* [WHAT IS NEEDED]
Output the whole listing below exactly, omitting the images.

* [INFORMATION PROVIDED]

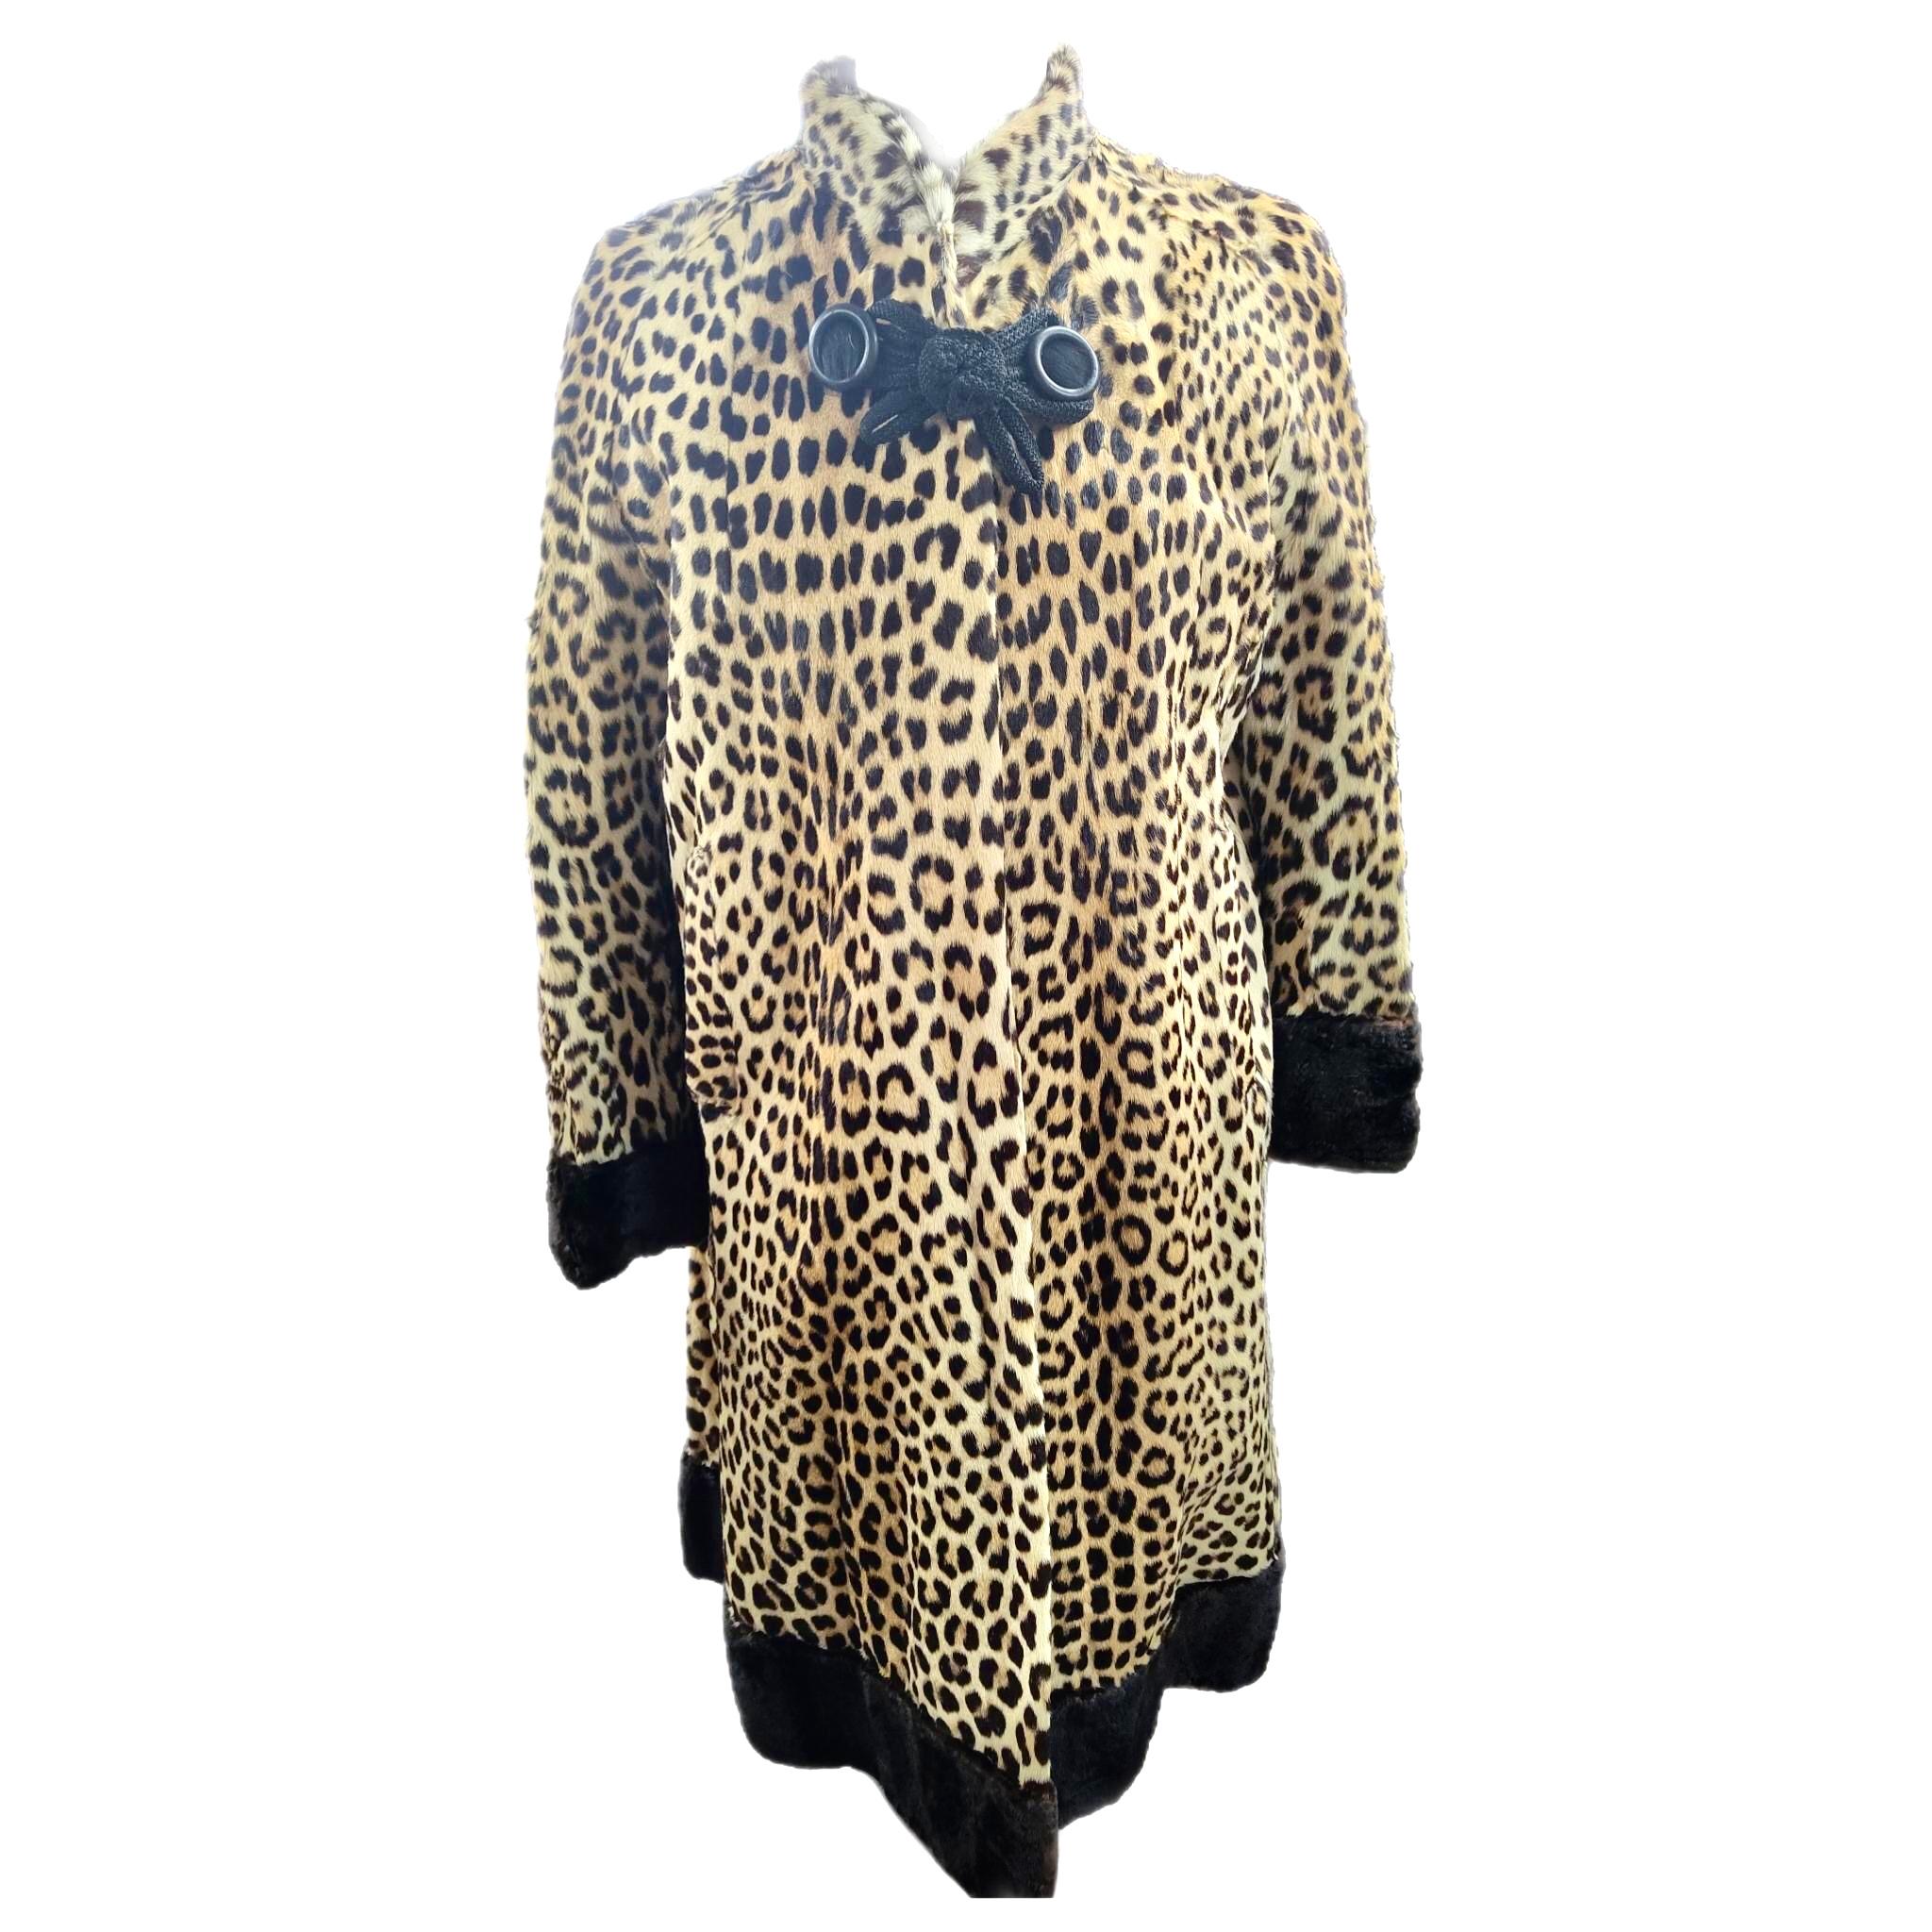 PRODUCT DESCRIPTION:

Vintage leopard fur coat size 10

Absolutely brilliant piece of history a rare exotic vibrant colourful real leopard fur. In brand new condition has never been worn. unused lining. Impeccable supple skins, nice wide sweep and

* [ANSWER AREA]
 PRODUCT DESCRIPTION:

Vintage leopard fur coat size 10

Absolutely brilliant piece of history a rare exotic vibrant colourful real leopard fur. In brand new condition has never been worn. unused lining. Impeccable supple skins, nice wide sweep and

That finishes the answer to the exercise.